Editing /etc/fstab Without Testing¶

The footgun: Changing /etc/fstab and rebooting without verifying the changes.

# Someone adds a new mount to fstab:
UUID=wrong-uuid-here    /mnt/data    ext4    defaults    0    2

# They reboot. The UUID doesn't exist (typo). The system drops to emergency mode
# because systemd can't mount the filesystem and the default is to fail.

Why it's devastating: - On remote servers, you can't access the GRUB menu or emergency shell without IPMI/console - Cloud instances may require detaching/reattaching the root volume from another instance - The entire team is blocked while someone scrambles for console access

Prevention — always test before rebooting:

# After editing fstab, verify ALL entries:
$ sudo mount -a
# If this succeeds with no errors, it's safe to reboot

# Also validate the syntax:
$ sudo findmnt --verify --tab-file /etc/fstab

# For entries that depend on network (NFS, iSCSI), use nofail:
UUID=abc123    /mnt/nfs    nfs    defaults,nofail,_netdev    0    0
# nofail means: if mount fails, continue booting anyway
# _netdev means: wait for network before trying to mount

The nofail option is your safety net. For any non-critical mount, add nofail so the system boots even if the mount fails.
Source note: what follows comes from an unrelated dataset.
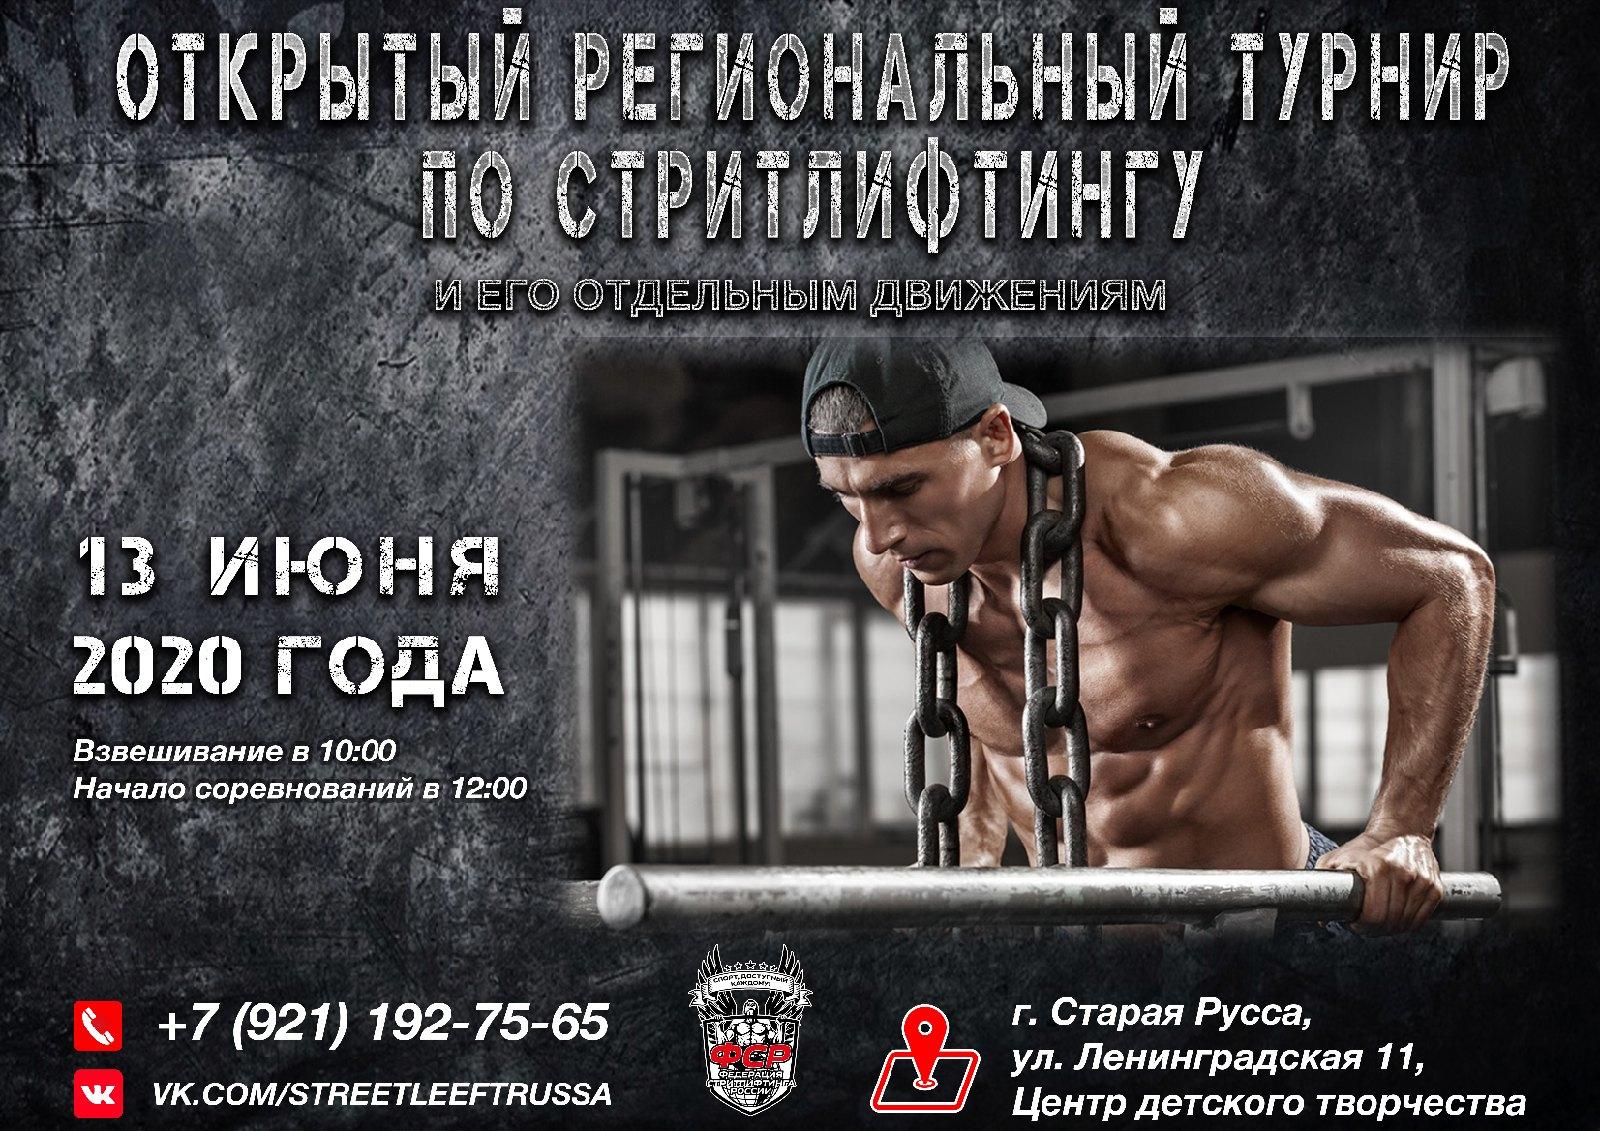 13 июня 2020 – Открытый региональный турнир по стритлифтингу, г. Старая Русса, Новгородская область
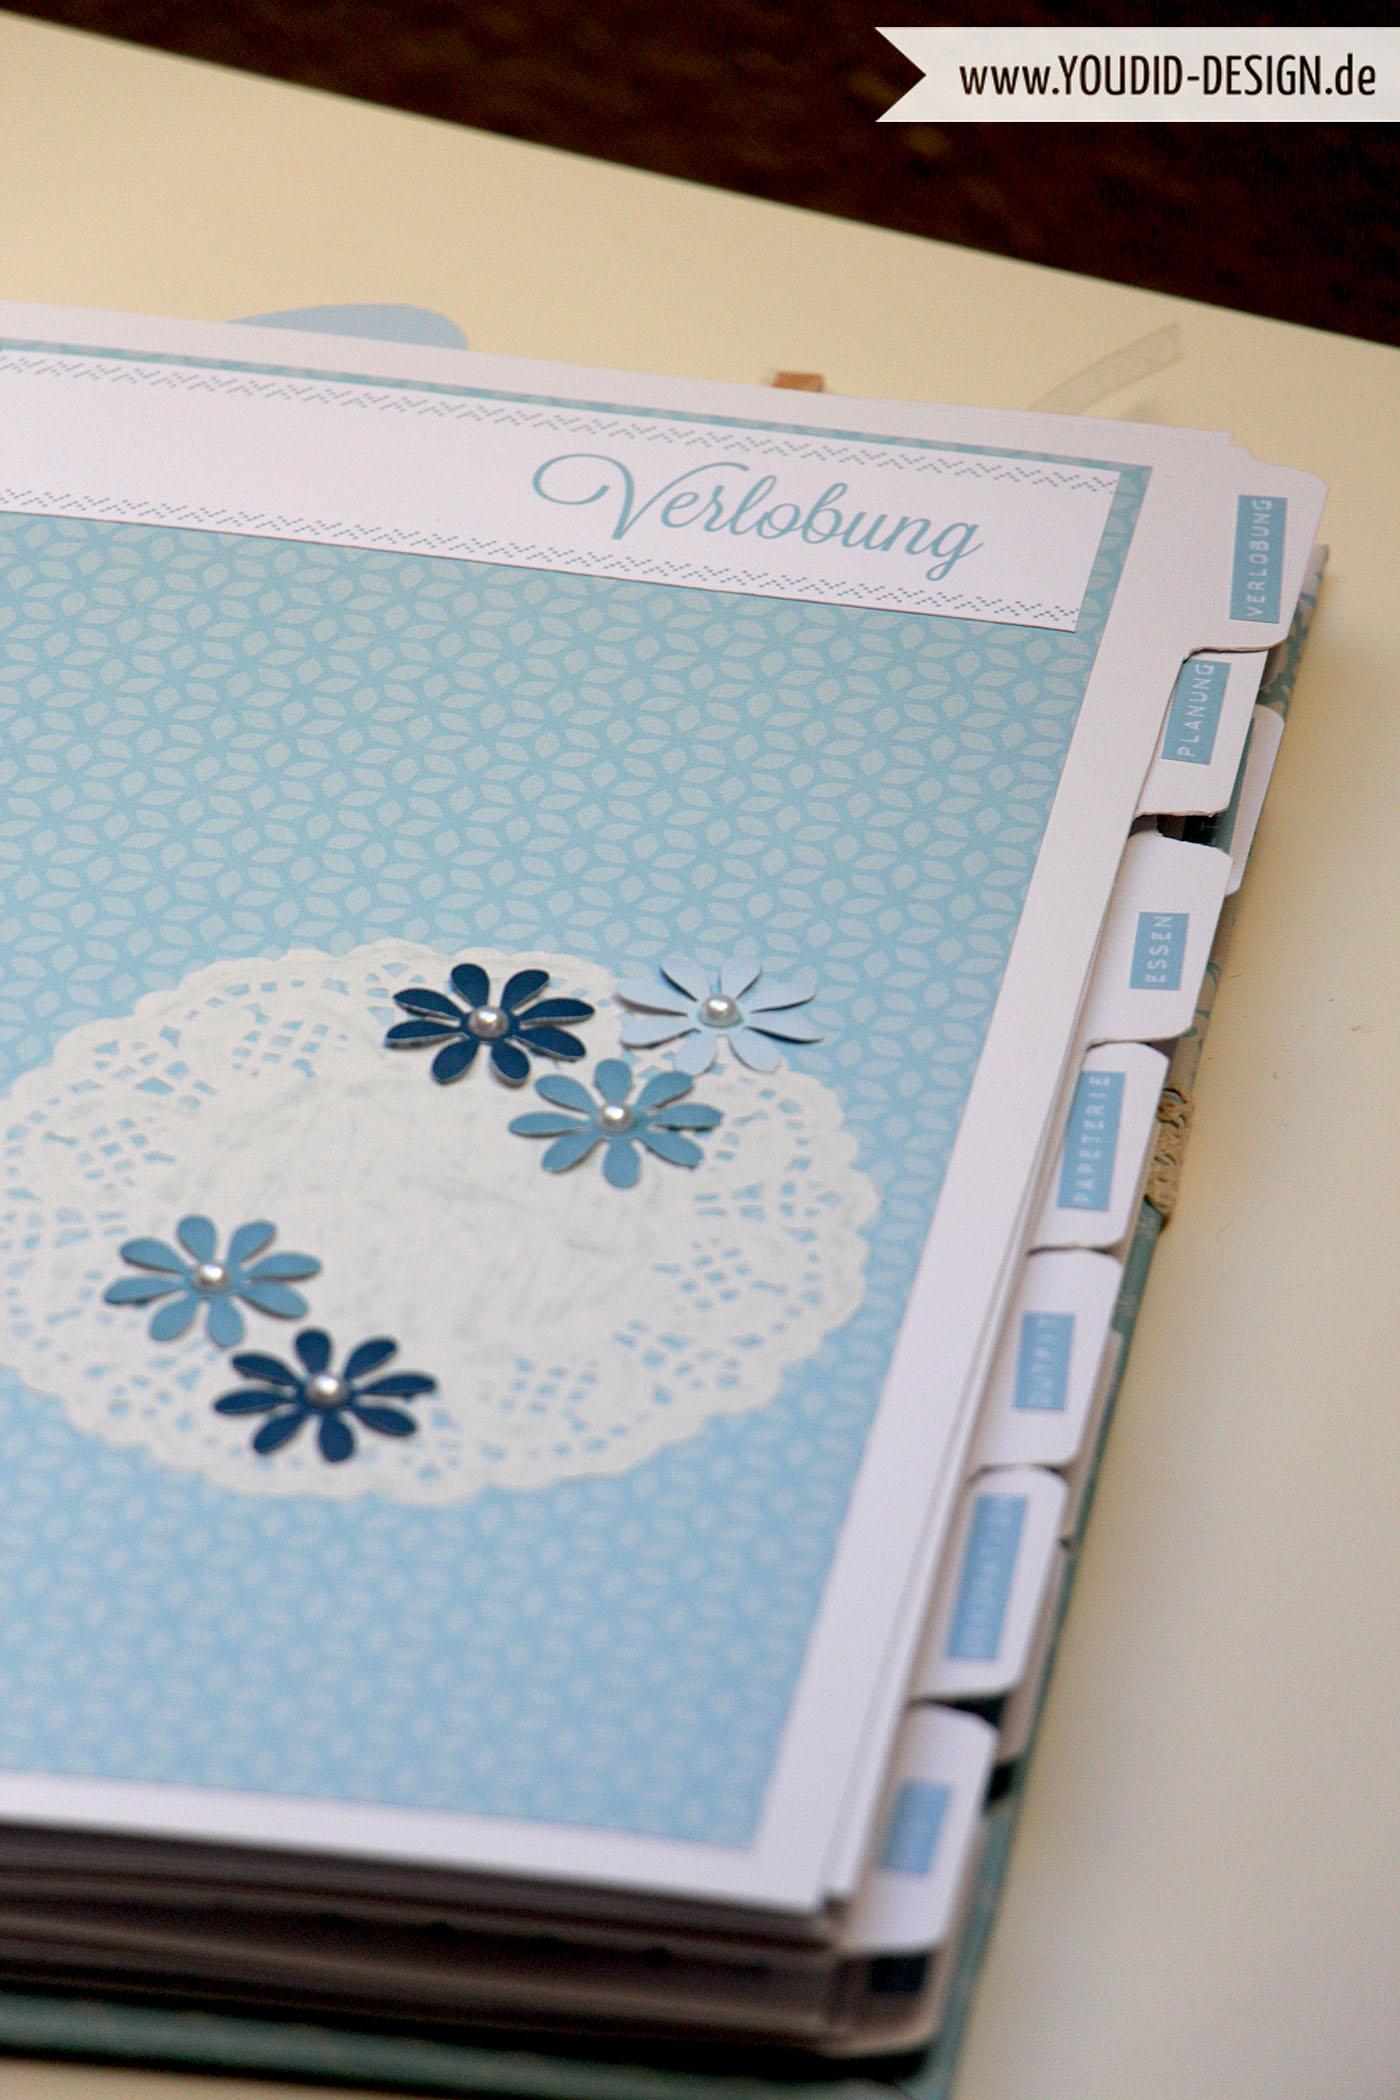 Personal Weddingplanner| www.youdid-design.de

Deleting Old Kernels Without Keeping a Fallback¶

The footgun: Aggressively removing old kernels to save space in /boot, leaving only one kernel. Then that kernel has a problem.

# "I'll clean up /boot"
$ sudo apt-get purge linux-image-5.15.0-{85,86,87,88,89,90}-generic
$ sudo apt-get purge linux-image-5.15.0-91-generic   # This was the only working one

# Now the only installed kernel is 5.15.0-92-generic, which has a driver regression
# that prevents your RAID controller from being detected.
# System won't boot. No fallback kernel in GRUB.

Prevention:

# Always keep at least TWO kernels: current + one known-good fallback
$ dpkg --list 'linux-image-*' | grep '^ii'
# Make sure there are at least 2 entries

# On RHEL, set the retention limit:
# /etc/dnf/dnf.conf
installonly_limit=3    # Keep 3 kernels

# On Debian, autoremove handles this:
$ sudo apt-get autoremove    # Safely removes old kernels, keeps current + one

# After a kernel update, TEST the new kernel before removing the old one:
# 1. Reboot into new kernel
# 2. Verify everything works (storage, networking, GPU, etc.)
# 3. Only THEN remove old kernels

Filling the /boot Partition¶

The footgun: Not monitoring the /boot partition size. Kernel updates accumulate until /boot is full, then apt upgrade or yum update fails, sometimes leaving a half-installed kernel.

$ df -h /boot
Filesystem      Size  Used Avail Use% Mounted on
/dev/sda1       477M  475M     0 100% /boot

$ sudo apt-get upgrade
E: Could not write to /boot/initrd.img-5.15.0-93-generic - No space left on device
dpkg: error processing package linux-image-5.15.0-93-generic (--configure):
 installed linux-image-5.15.0-93-generic package post-installation script subprocess returned error exit status 1

Why it happens: - /boot is often a small separate partition (256-512 MB) - Each kernel takes ~50-100 MB (vmlinuz + initrd + System.map + config) - After 5-6 kernel updates without cleanup, it fills up - Automated updates might stop working silently

Prevention:

# Monitor /boot usage
$ df -h /boot

# Set up automatic kernel cleanup
# Debian/Ubuntu: ensure unattended-upgrades removes old kernels
$ cat /etc/apt/apt.conf.d/50unattended-upgrades
Unattended-Upgrade::Remove-Unused-Kernel-Packages "true";
Unattended-Upgrade::Remove-New-Unused-Dependencies "true";

# Or create a simple cron check:
$ cat > /etc/cron.daily/check-boot-space << 'EOF'
#!/bin/bash
USAGE=$(df /boot --output=pcent | tail -1 | tr -d '% ')
if [ "$USAGE" -gt 80 ]; then
    echo "/boot is ${USAGE}% full on $(hostname)" | mail -s "ALERT: /boot space" ops@example.com
fi
EOF
$ chmod +x /etc/cron.daily/check-boot-space

Recovery when /boot is full: See the Street Ops section on filling /boot partition.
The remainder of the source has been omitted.